- Born: Ivana Stanković 12 October 1973 (age 52) Belgrade, SFR Yugoslavia
- Modeling information
- Height: 1.80 m (5 ft 11 in)
- Hair color: Dark Brown
- Eye color: Brown

= Ivana Stanković =

Serbian model

Ivana Stanković (Ивана Станковић) born on 12 October 1973 in Belgrade, Serbia, is a Serbian supermodel and is one of the judges of the show Srpski Top Model (Serbian version of America's Next Top Model) which is broadcast on Prva Srpska Televizija.

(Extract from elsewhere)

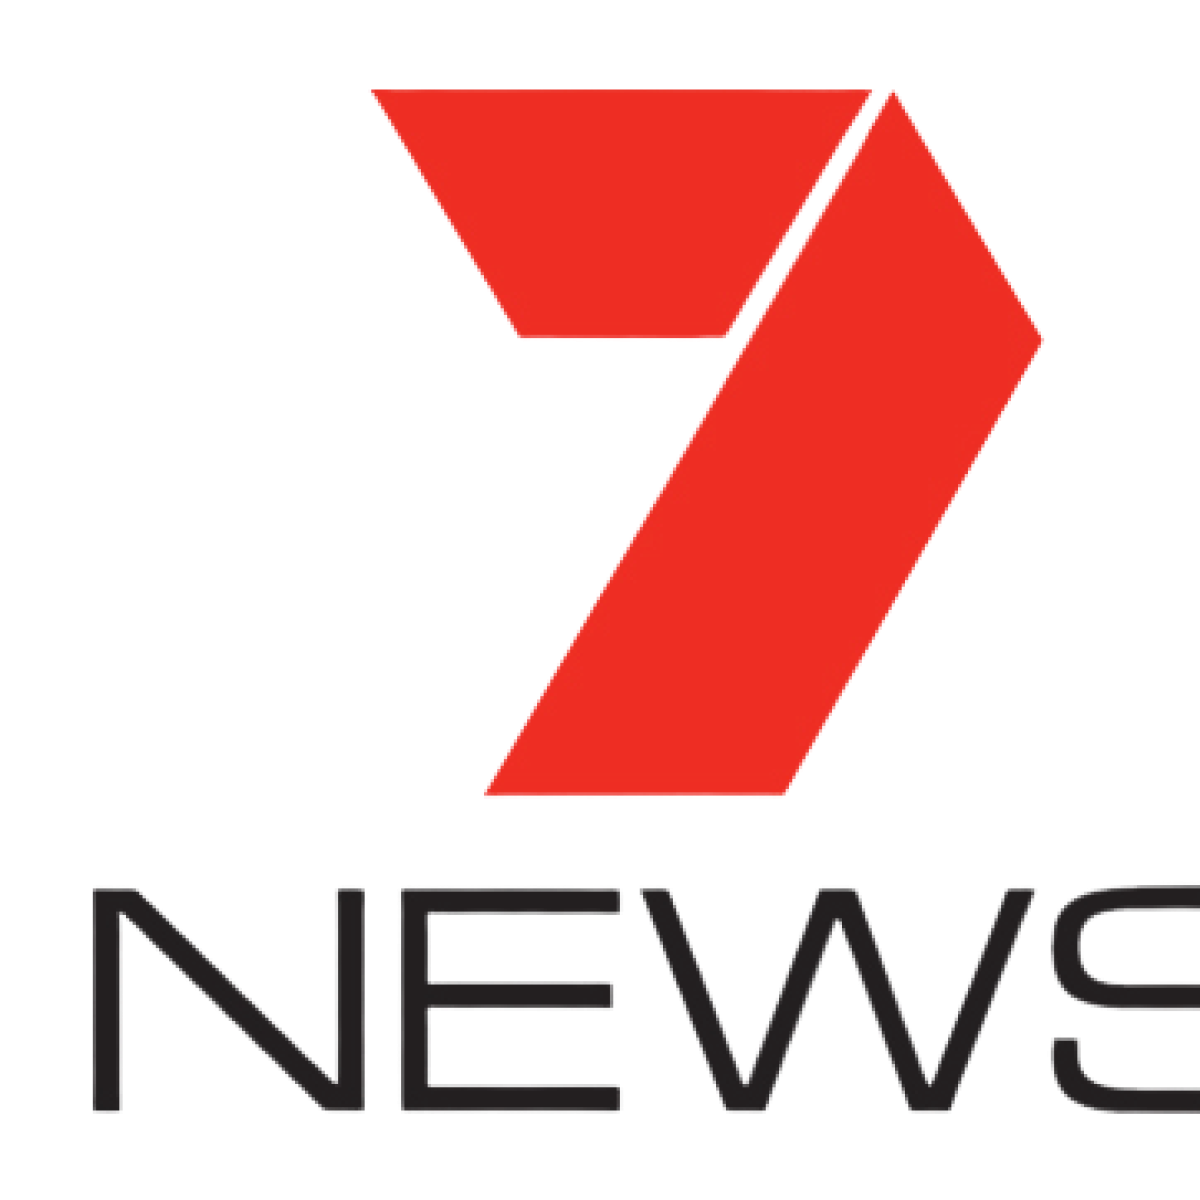 7News.com.au Logo / 7news Australia Vietnam S Coronavirus Success ...

She was on the cover of the Italian Vogue, the first Serbian model ever on a cover of Spanish edition of Vogue magazine in 1994. Ivana was also the face of Armani for five years, worked mostly in Milan and New York, she hasn't worked as a model in Japan, but worked in Germany for Jill Sander and many German fashion designers. In addition, she worked for Police sunglasses with Bruce Willis, and in 2011 she wrote autobiography Bez daha (Breathless). She also worked for: Gucci, Armani, Prada, Donna Karan, Missoni, Calvin Klein. Being supermodel of 1990s era of fashion models, she walked on runway fashion shows with supermodels like Naomi Campbell, Kate Moss, Cindy Crawford and Christy Turlington.